Then I started posting on another website, but I forgot the name. I enjoy coming up with stories, but just like with drawing, I don't think I'd enjoy doing it every day. Recently I've grown a bit distant of the idea of being demanded to do work.
I understand that some people say that that is what the working world is all about, but that's just the problem. When all is about work and making money, how can you remember what freedom (true freedom) and enjoyment is??? I like to think of ants. They spend so much time working, it's become so natural to them, that if they were to be bounded, wouldn't it drive them nuts? They're not sure what to do with themselves!
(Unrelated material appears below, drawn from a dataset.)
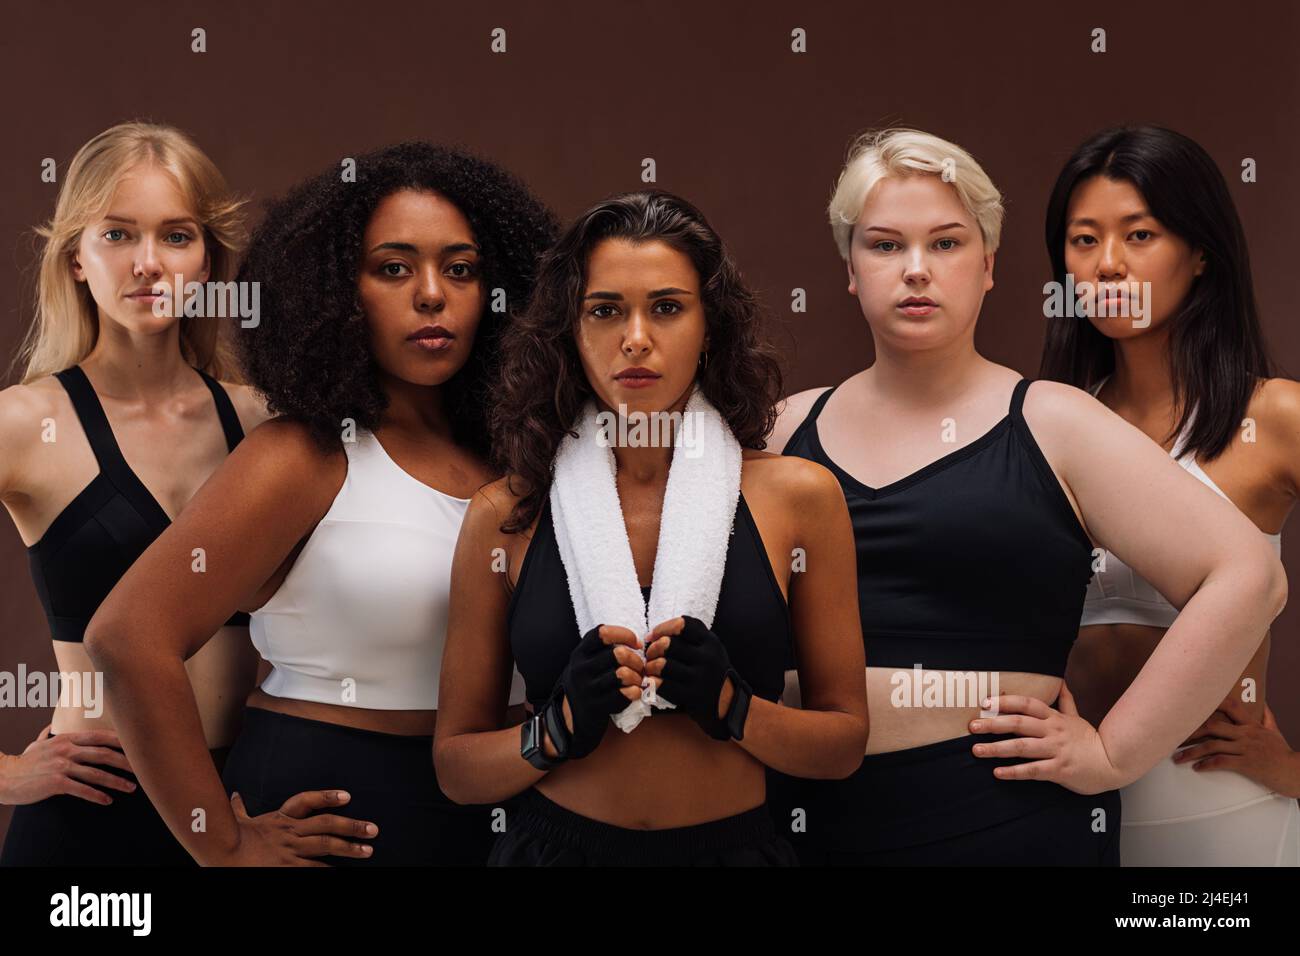 Eine Gruppe von Frauen unterschiedlicher Rasse und Körpergröße in Sportbekleidung, die zusammen stehen. Verschiedene Weibchen betrachten die Kamera vor braunem Hintergrund. Stockfoto

Of course I could just be saying that to justify why I don't. Actually I'm very sure that's why! lol
Anyways, I've been taking it one day at a time as my time to graduate from college grows closer and closer. Deep inside I tell myself that everything will work out one way or another and I start to wonder how. I think about how my teachers tell us to sell ourselves and I think that that's just a horrible thing to tell people. In a nutshell, you're acting as something you're truly not in order to impress someone. I could be just living in a fantasy, but if I were to like someone to hire me, I would much rather be as honest with them as possible. Mainly because if I ever admit to not being able to do something, I can assure them that I can learn it. All it takes is finding the resources necessary.
Regardless, I'm not sure how I feel about working in animation. Meeting deadline after deadline. Don't get me wrong, it gives me something to work towards, but I don't know if I can do this for so many years. I dunno. I'll simply keep my options opened. I've left it in the hands of the universe and what they think will work best for me. I guess you can say I'm gonna go with the flow on this one. I do get a bit nervous but without a clear idea of exactly where I can place my talents and abilities, I decided to trust in a higher power :) But of course I'll still do what I can while I wait.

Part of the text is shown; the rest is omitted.